Use --markdown-file (not --markdown TEXT) when the source starts with - — Node's parseArgs rejects leading-dash flag values.

track-changes review loop. Toggle tracking on, make edits (they auto-emit <w:ins>/<w:del>), then inventory and resolve:

docx track-changes doc.docx on
docx replace doc.docx "old phrasing" "new phrasing" --all
docx track-changes list doc.docx                  # → JSON array of { id:tcN, kind, author, text, … }
docx read doc.docx --current                       # → CriticMarkup {++ins++}[^tcN] / {--del--}[^tcN]
docx track-changes accept doc.docx --at tc0 --at tc2   # or --all

read has three tracked-change views: default --accepted renders clean text — drops subtractive edits and inlines additive ones (the post-accept document); --current shows CriticMarkup with [^tcN] footnotes; --baseline does the reverse of accepted (the pre-change document). find, replace, wc, and comments add honor the same --accepted/--baseline/--current flags so offsets stay consistent across commands. Add --comments to read to append [^cN] footnotes for comment spans.

How It Works

In-place XML mutation. The AST returned by read is a view over the parsed XML tree, not a separate model. When you edit or comments add, the CLI mutates the underlying XML nodes directly and serializes back. Anything not modeled in the AST (custom styles, theme colors, schema extensions) survives because untouched regions are never re-emitted. Never delete a relationship something still references — that corrupts the file — so part/relationship pruning is gated on a reference scan; unreferenced orphans are left in place.
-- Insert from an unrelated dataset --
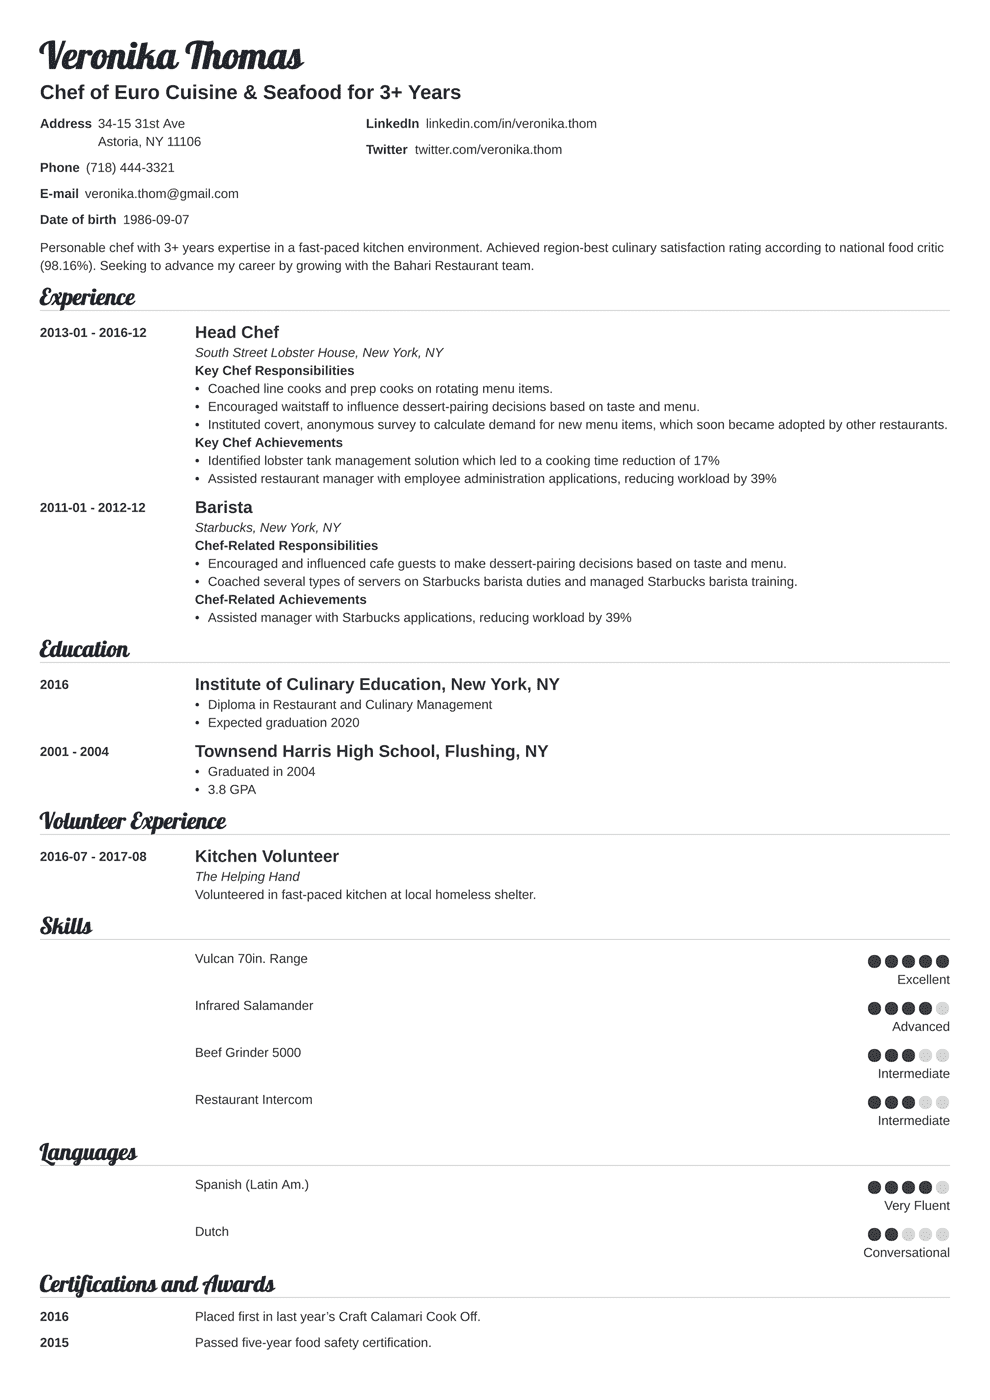 Resume Templates Microsoft Word Chef Cv Template Executive Resume Word Free Download Templates Microsoft Sample Complete Guide resume templates microsoft word|wikiresume.com

JSX for emitters. Constructing OOXML fragments imperatively (<w:rPr><w:b/><w:color w:val="800080"/>) is verbose, so fresh XML is authored in JSX with a custom factory: <w.rPr><w.b/><w.color w-val="800080"/></w.rPr> becomes the right XmlNode tree.

Span-aware comments & hyperlinks. comments add --at p3:5-20 (and hyperlinks add) find the runs containing offsets 5 and 20, split them at the boundaries (preserving <w:rPr> on both halves), and insert markers between the slices. Comments authored by older tools that lack w14:paraId (required by commentsExtended.xml) get a fresh paraId injected automatically on resolve/reply.

Tracked changes. With <w:trackChanges/> set, insert/edit/delete/replace emit native <w:ins>/<w:del> (attributed via --author, $DOCX_AUTHOR, or Reviewer); pass --track to one of those commands (or the tables verbs / images delete) to track just that invocation even when the doc toggle is off. edit --at pN --text runs a word-level diff so unchanged words keep their formatting and only changed words are wrapped — the same shape Word produces mid-tracking. accept/reject handle run-level ins/del/moveFrom/moveTo, sectPrChange, paragraph-mark ins/del, and the table-structural revisions (rowIns/rowDel, cellIns/cellDel, tblGridChange, tcPrChange). OOXML has no tracked-change construct for hyperlink edits or image swaps, so under tracking those emit a [docx-cli] audit comment instead of a fake revision (image deletion is honest removal — it wraps a real <w:del>).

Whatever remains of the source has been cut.